Probably my biggest customer rewards program now (besides Starbucks) is Amtrak.  Although I don't travel enough to make any sort of Elite Status, I do build points that I could cash in for a free trip.  I can get excited about that.

So I think about all these things when I think about what might make sense to reward Zoe's wonderful customers.  And I think about...what do we do today?

We offer a bag discount - if you bring your Zoe bag when you come shopping with us, we offer you a 5% discount on your purchase.  The bags are really nice and are reusable.  But I realize not everyone wants to carry their Zoe bag around.  But we do have a core group of customers who loyally bring in their bags when they shop with us.  (I love it!)

For those customers who sign up on our email list and give us their birthday month, we offer a 15% discount in their birthday month (doesn't matter whether it is sale or full price item...and we layer it on top of any other discount going on at the time). 

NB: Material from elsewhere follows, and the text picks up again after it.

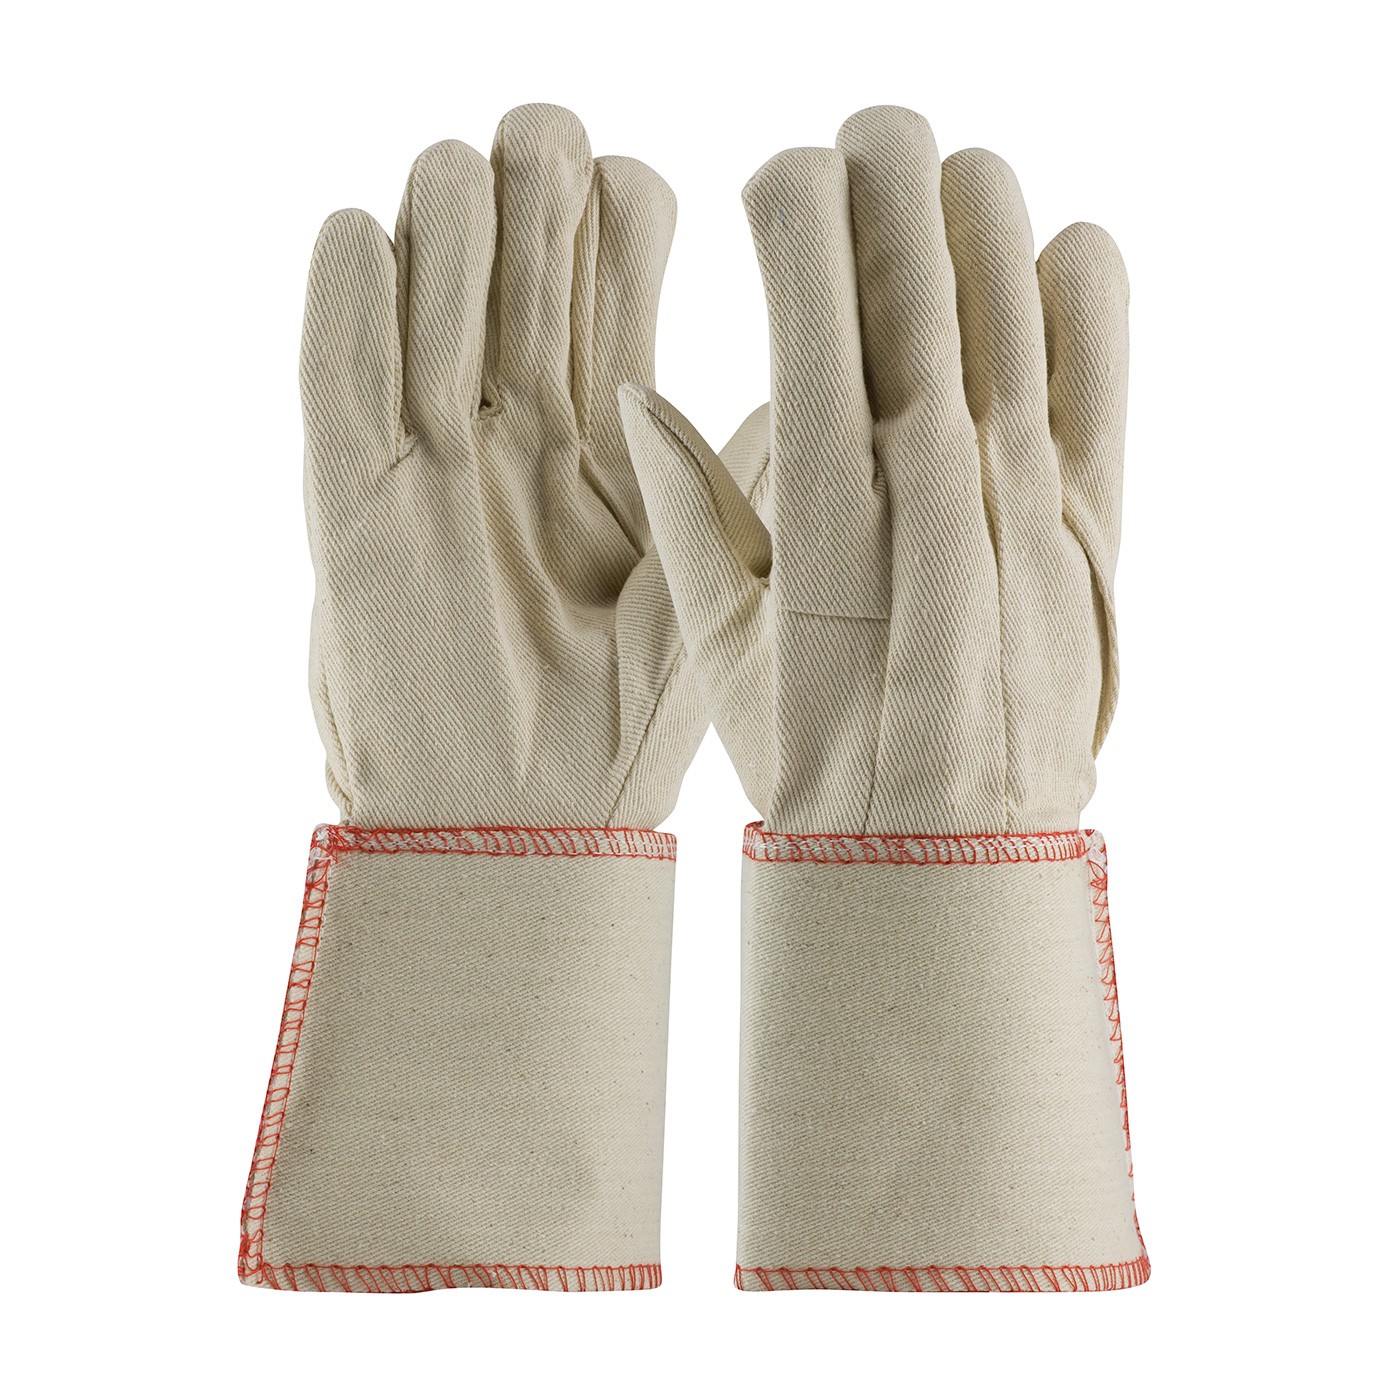 PIP® Premium Grade Cotton Canvas Single Palm Glove - Plasticized Gauntlet Cuff  (#90-910GA)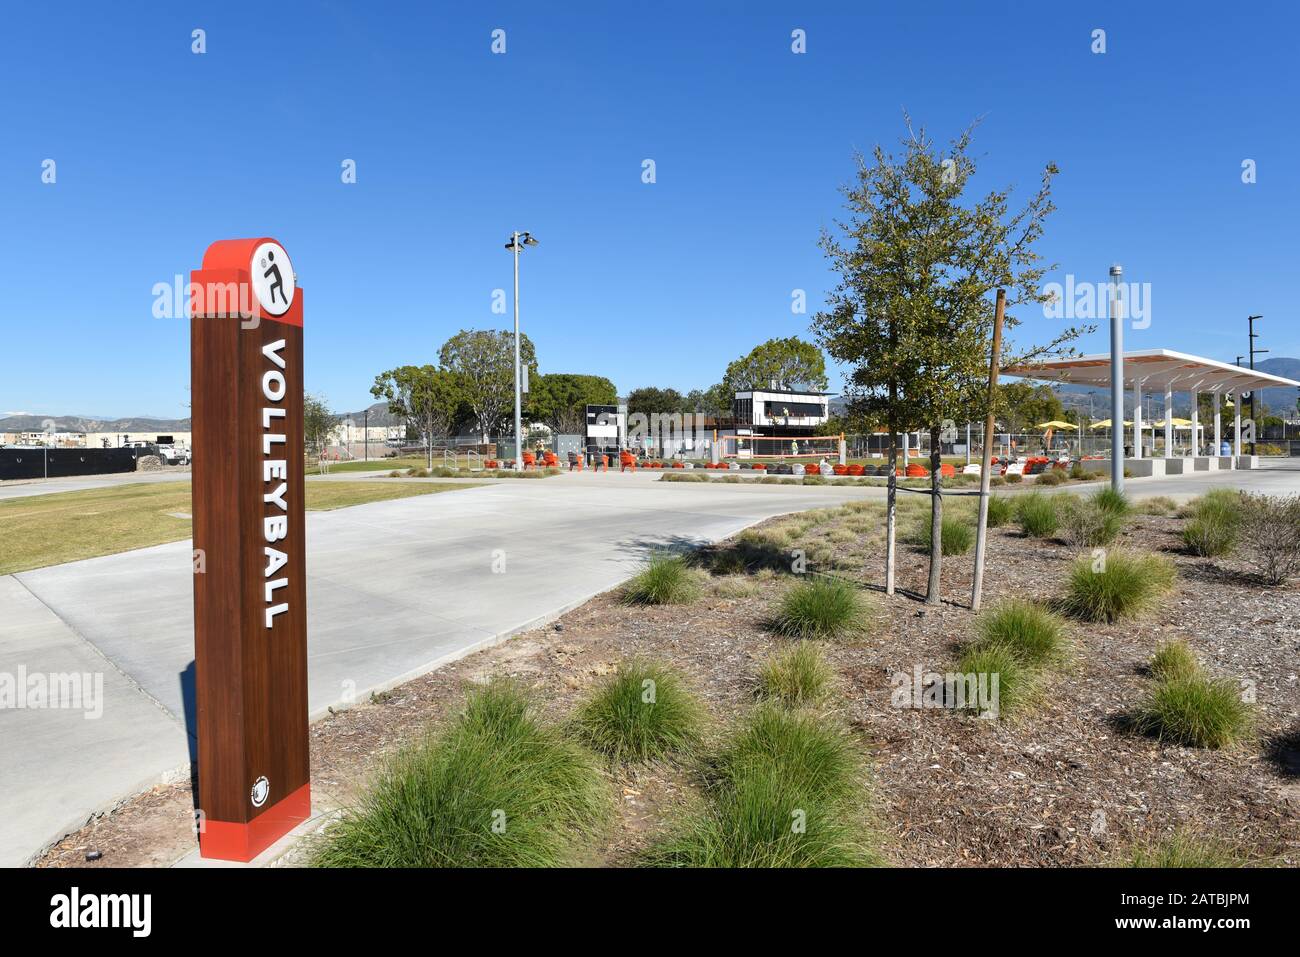 IRVINE, CALIFORNIA - 31 JAN 2020: Sand Volleyball stadium court at the Orange County Great Park. Stock Photo

We have certain things we do for customers, depending on how they choose to interact with us - if you are on our Facebook page or follow us on Twitter, we sometimes have short term contests or giveaways.  But if you follow us on email, sometimes you know about events before everyone else.  Or you are eligible to win a $100 Gift Card that we give away at the end of every quarter.  Or you might win prizes from attending an in-store event. 

But how does all this translate into building a Loyalty Program that is meaningful to Zoe's customers?  (and, conversely, to the business?)  I have some ideas but would love your feedback.  What makes for a great loyalty program in your eyes?

Next Up:  Warehouse Sale - Year Two


  1. I agree, I like simple. Let me use my phone number or email address instead of giving me a new customer number. And I like feeling rewarded. One of the happiest emails I used to get was the "You've earned a free flight!" email from Southwest (boo Southwest for your new program). Somehow getting something tangible (instead of a discount) feels more fun for me.